The majority view on the infringement of obligation classify the types as infringement on the reversion of the obligation itself, infringement on the payment of the obligation’s purpose (i.e., both obligation is being extinguished and obligation is not being extinguished), and decrease debtor’s general assets. Above types are too ideological to know and can not reflect various dispute pattern in the real world, and the analysis of the category also is not sufficient for the recognition of torts. In addition, there are some arguments that the researcher drive a conclusion without sufficient examinations regarding the relativity of obligation, the honoring the debtor’s free will, the equal treatment of the creditor, the principles of free competition.

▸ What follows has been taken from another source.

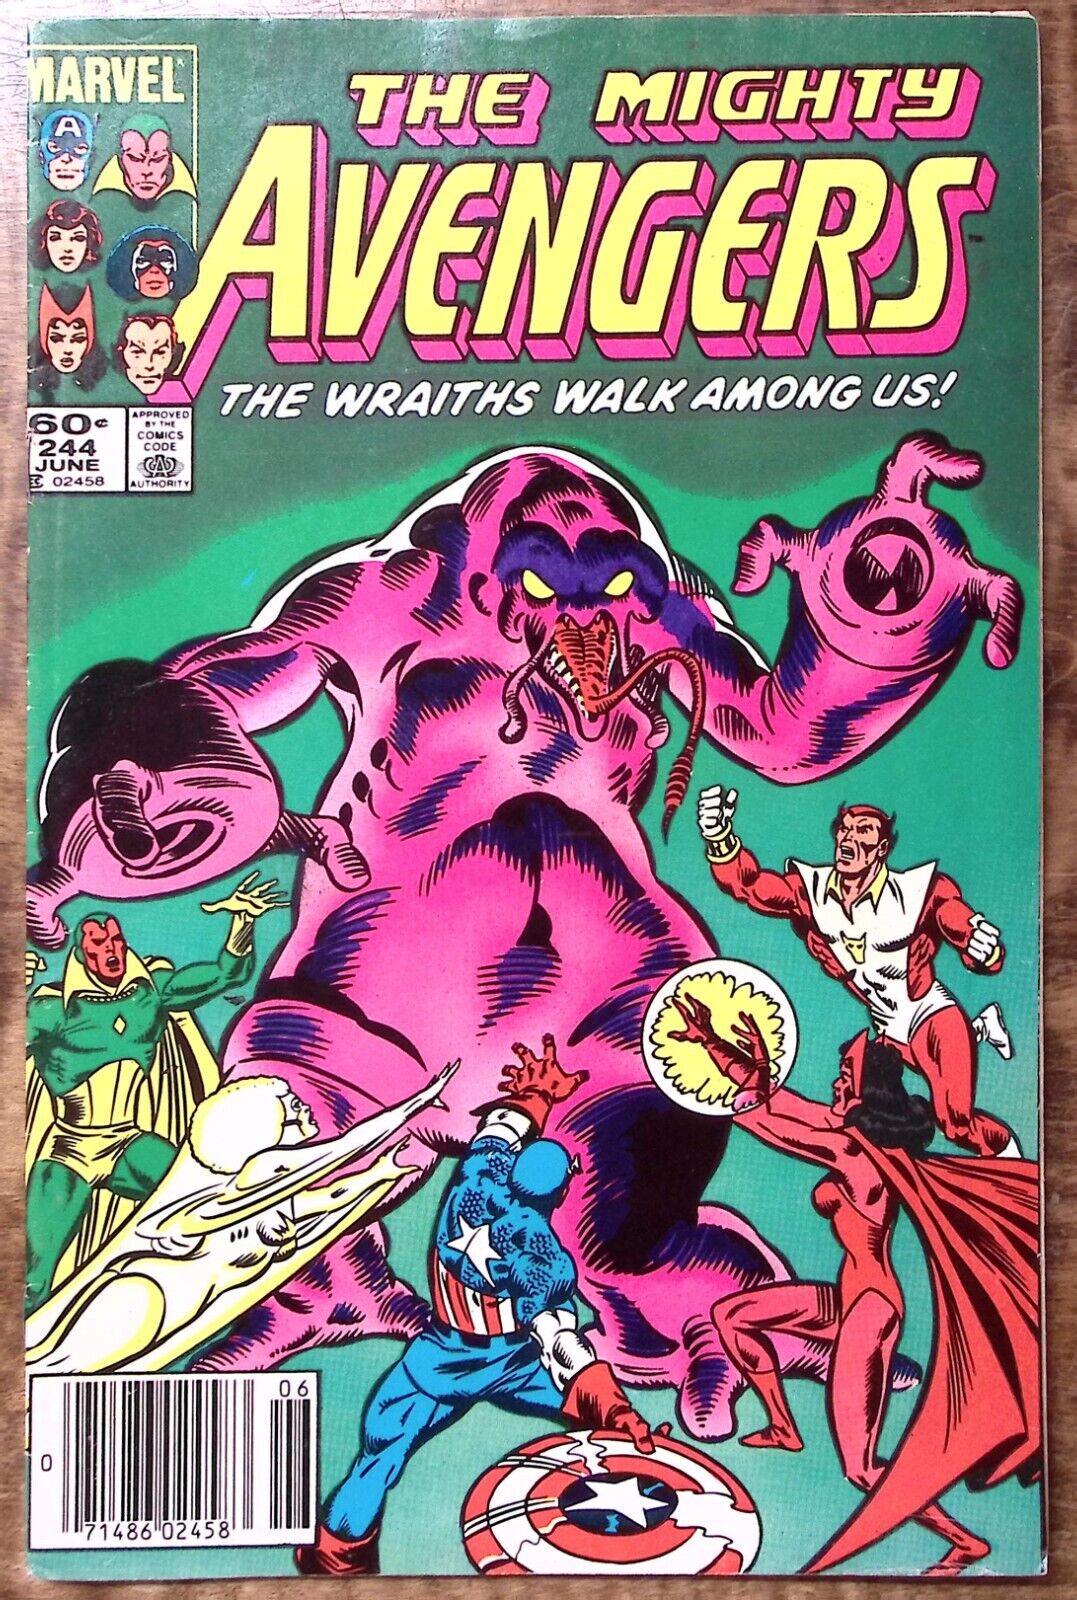 1984 THE MIGHTY AVENGERS JUNE #244 THE WRAITHS WALK AMONG US MARVEL  Z3204

In Japan, a new approach challenged in the 1980s induced more appropriate typology at the realistic transactions against traditional aspect and tried to expand the possibility of the infringement of obligation by the third person. In Korea, there are little appeared the marks of attempting to categorization of the claims but these testings were so comprehensive and no concrete study advanced. In order to overcome this point at issue, I suggest new classification of the obligation infringement considering expansion of the diverse contract relationships as well as many sided realistic agreements and included not only mere claims but also whole contractual interest for the grouping. Moreover, the future contractual relations were also incorporated in this proposal package.
Accordingly, a subjective aspect of the third person within the types and requirements of the torts are argued and Korean court cases also covered in this work. Hopefully, this piece will contribute new understanding on the classification of the complex infringement of obligation to the practice and learned circles.